Supported Language Codes
| Language Code | Language Name (Chinese) |
|---|---|
| zh-CN | 中文(普通话) |
| zh-TW | 中文(台湾) |
| zh-WU | 中文(吴语) |
| zh-SICHUAN | 中文(四川话) |
| zh-SHANXI | 中文(山西话) |
| zh-ANHUI | 中文(安徽话) |
| zh-TIANJIN | 中文(天津话) |
| zh-NINGXIA | 中文(宁夏话) |
| zh-SHAANXI | 中文(陕西话) |
| zh-HEBEI | 中文(河北话) |
| zh-SHANDONG | 中文(山东话) |
| zh-GUANGDONG | 中文(广东话) |
| zh-SHANGHAI | 中文(上海话) |
| zh-HUBEI | 中文(湖北话) |
| zh-LIAONING | 中文(辽宁话) |
| zh-GANSU | 中文(甘肃话) |
| zh-FUJIAN | 中文(福建话) |
| zh-HUNAN | 中文(湖南话) |
| zh-HENAN | 中文(河南话) |
| zh-YUNNAN | 中文(云南话) |
| zh-MINNAN | 中文(闽南语) |
| zh-WENZHOU | 中文(温州话) |
| ja-JP | 日语 |
| th-TH | 泰语 |
| ru-RU | 俄语 |
| ko-KR | 韩语 |
| id-ID | 印度尼西亚语 |
| vi-VN | 越南语 |
| ct-NULL | 粤语(未知) |
| ct-HK | 粤语(香港) |
| ct-GZ | 粤语(广东) |
| hi-IN | 印地语 |
| ur-IN | 乌尔都语(印度) |
| ur-PK | 乌尔都语 |
| ms-MY | 马来语 |
| uz-UZ | 乌兹别克语 |
| ar-MA | 阿拉伯语(摩洛哥) |
| ar-GLA | 阿拉伯语 |
| ar-SA | 阿拉伯语(沙特) |
| ar-EG | 阿拉伯语(埃及) |
| ar-KW | 阿拉伯语(科威特) |
| ar-LY | 阿拉伯语(利比亚) |
| ar-JO | 阿拉伯语(约旦) |
| ar-AE | 阿拉伯语(阿联酋) |
| ar-LVT | 阿拉伯语(黎凡特) |
| fa-IR | 波斯语 |
| bn-BD | 孟加拉语 |
| ta-SG | 泰米尔语(新加坡) |
| ta-LK | 泰米尔语(斯里兰卡) |
| ta-IN | 泰米尔语(印度) |
| ta-MY | 泰米尔语(马来西亚) |
| te-IN | 泰卢固语 |
| ug-NULL | 维吾尔语 |
| ug-CN | 维吾尔语 |
| gu-IN | 古吉拉特语 |
| my-MM | 缅甸语 |
| tl-PH | 塔加洛语 |
| kk-KZ | 哈萨克语 |
| or-IN | 奥里亚语 |
| ne-NP | 尼泊尔语 |
| mn-MN | 蒙古语 |
| km-KH | 高棉语 |
| jv-ID | 爪哇语 |
| lo-LA | 老挝语 |
| si-LK | 僧伽罗语 |
| fil-PH | 菲律宾语 |
| ps-AF | 普什图语 |
| pa-IN | 旁遮普语 |
| kab-NULL | 卡拜尔语 |
| ba-NULL | 巴什基尔语 |
| ks-IN | 克什米尔语 |
| tg-TJ | 塔吉克语 |
| su-ID | 巽他语 |
| mr-IN | 马拉地语 |
| ky-KG | 吉尔吉斯语 |
| az-AZ | 阿塞拜疆语 |
API Call Example (Using curl)
curl -X POST http://127.0.0.1:5080/v1/audio/transcriptions \
-F "file=@/your/path/your_audio.mp3" \
-F "language=zh-CN" \
-F "response_format=srt"API Call Example (Using Python openai Library)
(This library can conveniently call interfaces compatible with the OpenAI API format)
from openai import OpenAI
# Configure the client to point to the local service address
client = OpenAI(base_url='http://127.0.0.1:5080/v1', api_key='any string will do') # api_key is not critical in this scenario
audio_file_path = "your_audio.wav" # Replace with your file path
with open(audio_file_path, 'rb') as file_handle:
# Initiate the transcription request
transcript = client.audio.transcriptions.create(
file=(audio_file_path, file_handle), # Pass filename and file content
model='base', # Model name, fixed as 'base' or adjust based on actual situation
language='zh-CN', # Specify language
response_format="srt" # Specify return format
)
# Print the transcription result (SRT format text)
print(transcript)Response Example (SRT Format)
1
00:00:00,000 --> 00:00:02,500
Hello, this is a test audio.
2
00:00:02,500 --> 00:00:05,000
Hope the transcription result is accurate.Want It Faster?

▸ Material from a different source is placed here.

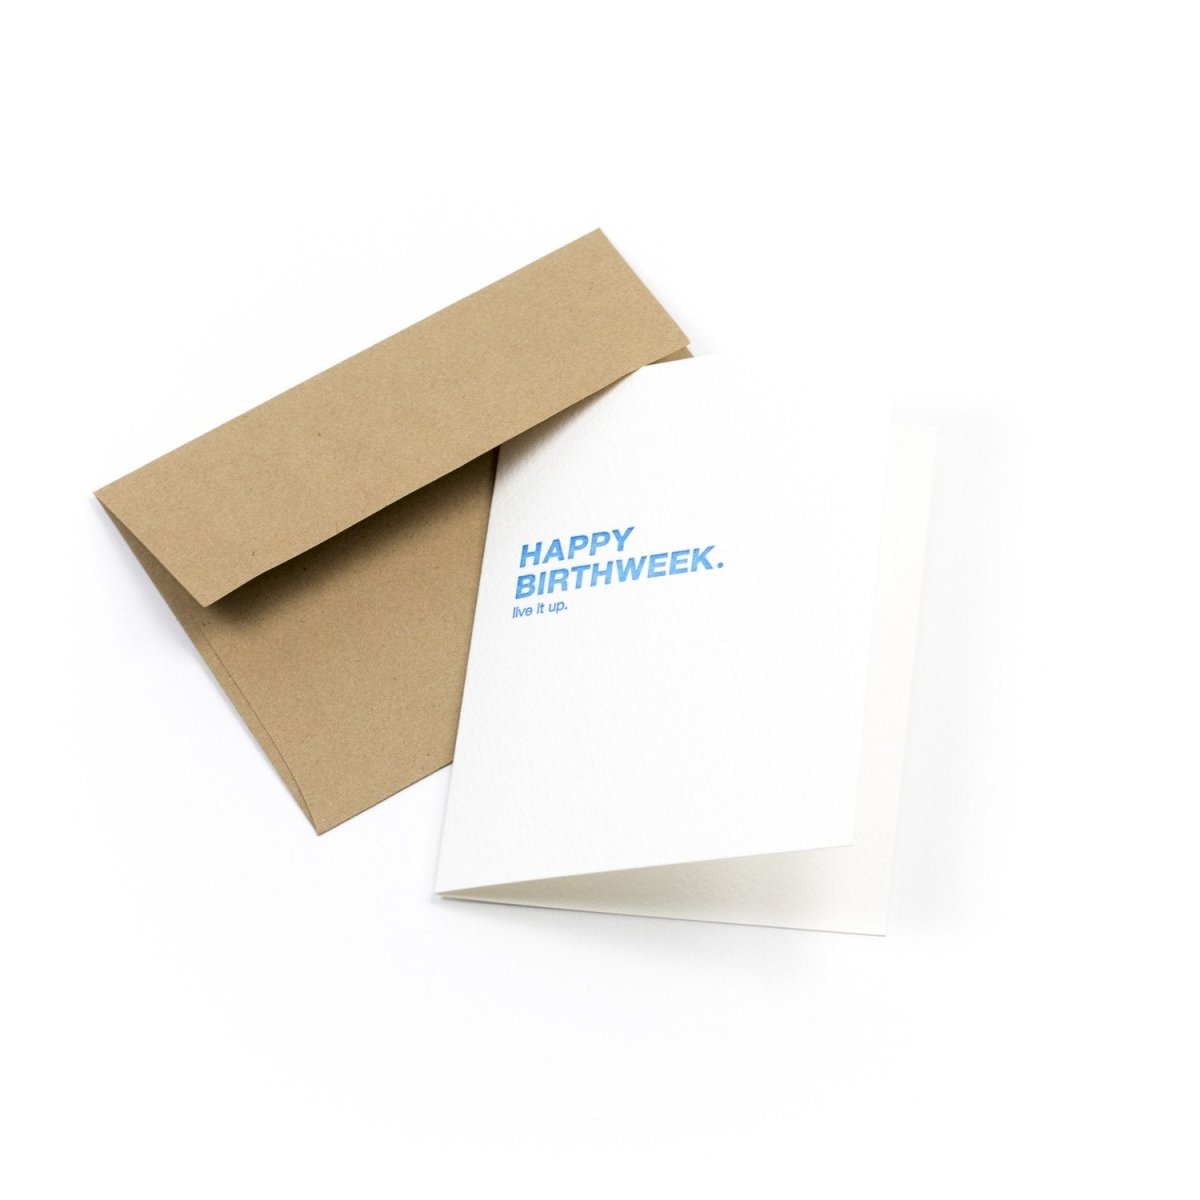 White card that reads: "HAPPY BIRTHWEEK. LIVE IT UP." Written in blue text. Comes with a Kraft envelope. Designed by Sapling Press and printed in Pittsburgh, PA.
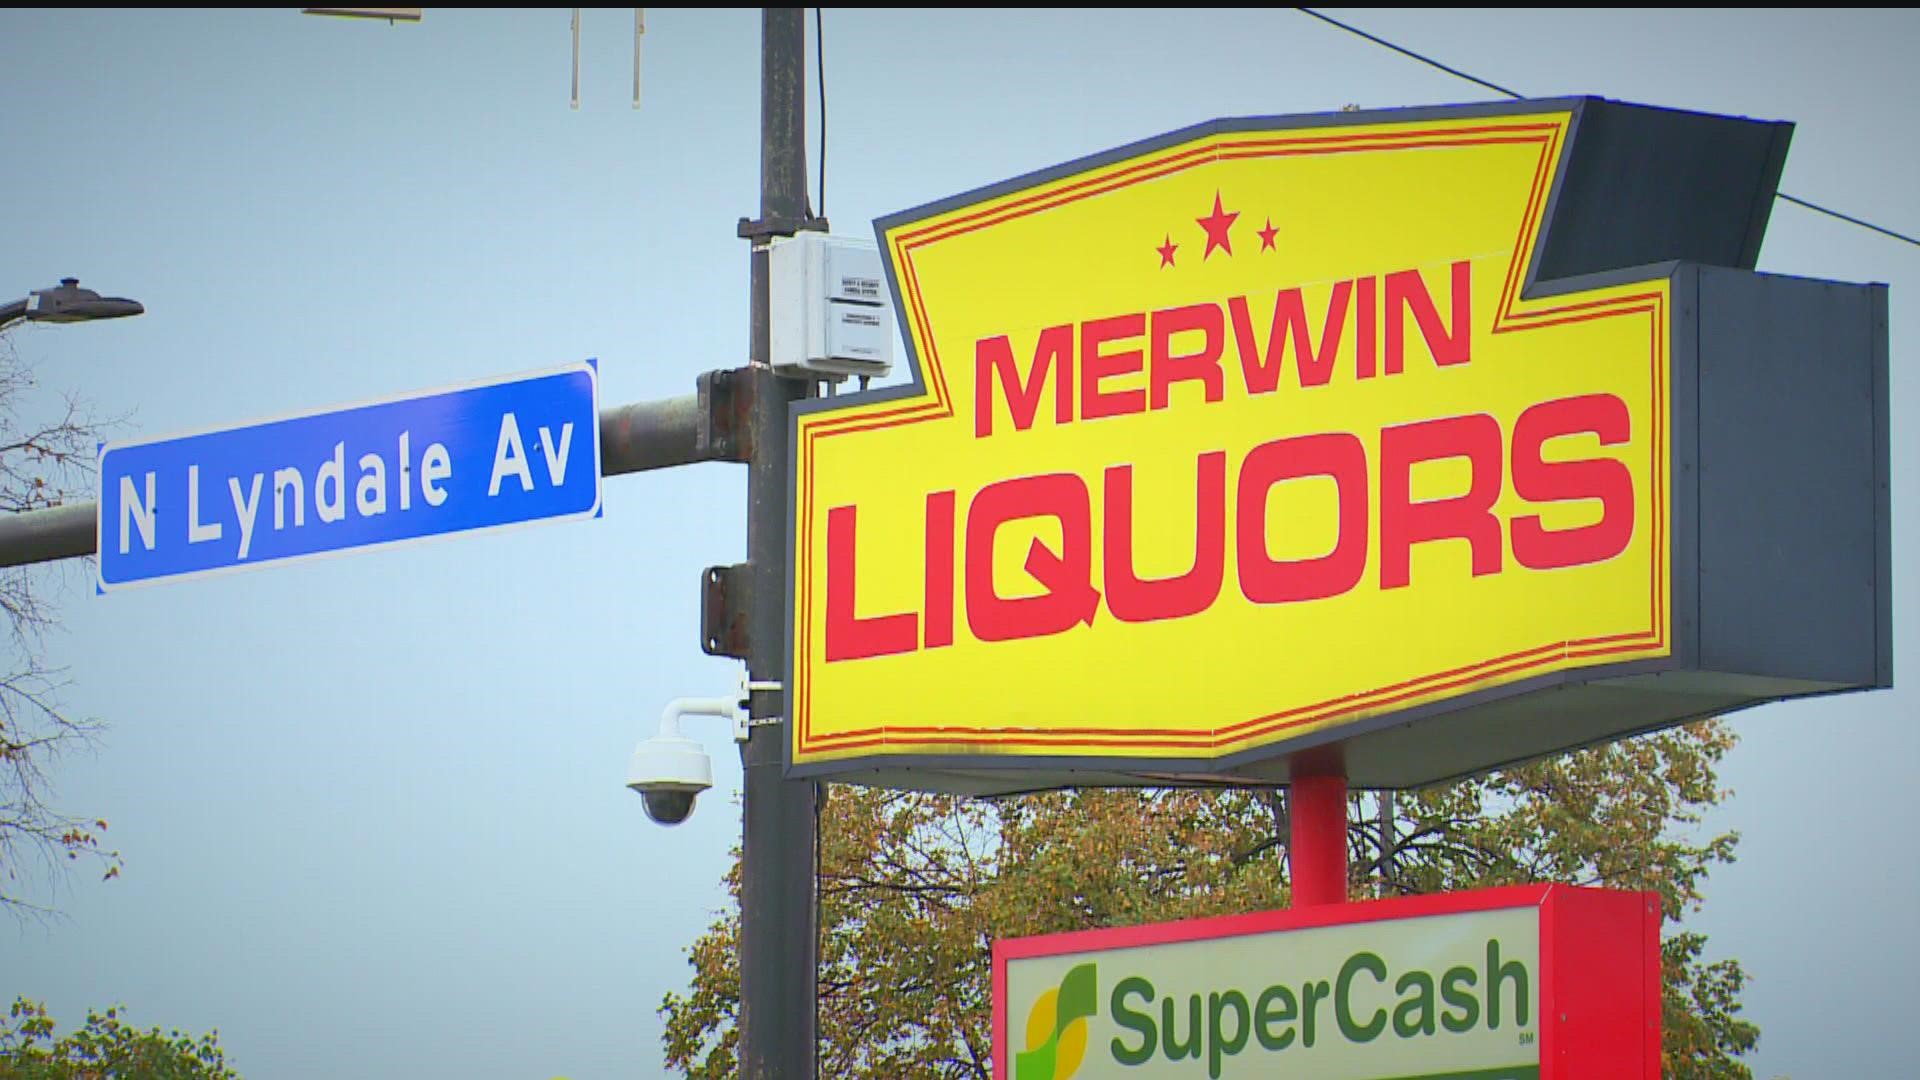 Attorney General Keith Ellison said his office notified Merwin Liquors and Winner Gas Station that "illegal public nuisances" are happening at the properties.

Enable GPU Acceleration (Optional)
- • Why Use GPU? If you have a suitable NVIDIA graphics card and the environment configured, using a GPU can significantly speed up transcription, especially for long audio files.
- • How to Enable?
- Prerequisite: Ensure your computer has the correct NVIDIA graphics drivers and CUDA 12.x environment installed.
- Install Support: In the integration package folder, find and double-click the
Install GPU Support.batfile; it will automatically complete the relevant setup.
- Install Support: In the integration package folder, find and double-click the
- • Note: The default integration package does not include GPU support to keep the file size small.
A Few Tips
- File Size and Duration: It's recommended that a single file not be too large (e.g., not exceeding 1GB), and the duration is best kept within 1 hour. Very large files may process very slowly.
- Audio Quality: The clearer the audio and the less background noise, the better the transcription results. Try to use high-quality audio sources.
- Internet Required for First Use: The first time you transcribe a particular language, the program needs to download some required data for that language. It's recommended to successfully transcribe all commonly used languages at least once (even with a very short test audio), after which it can be used offline.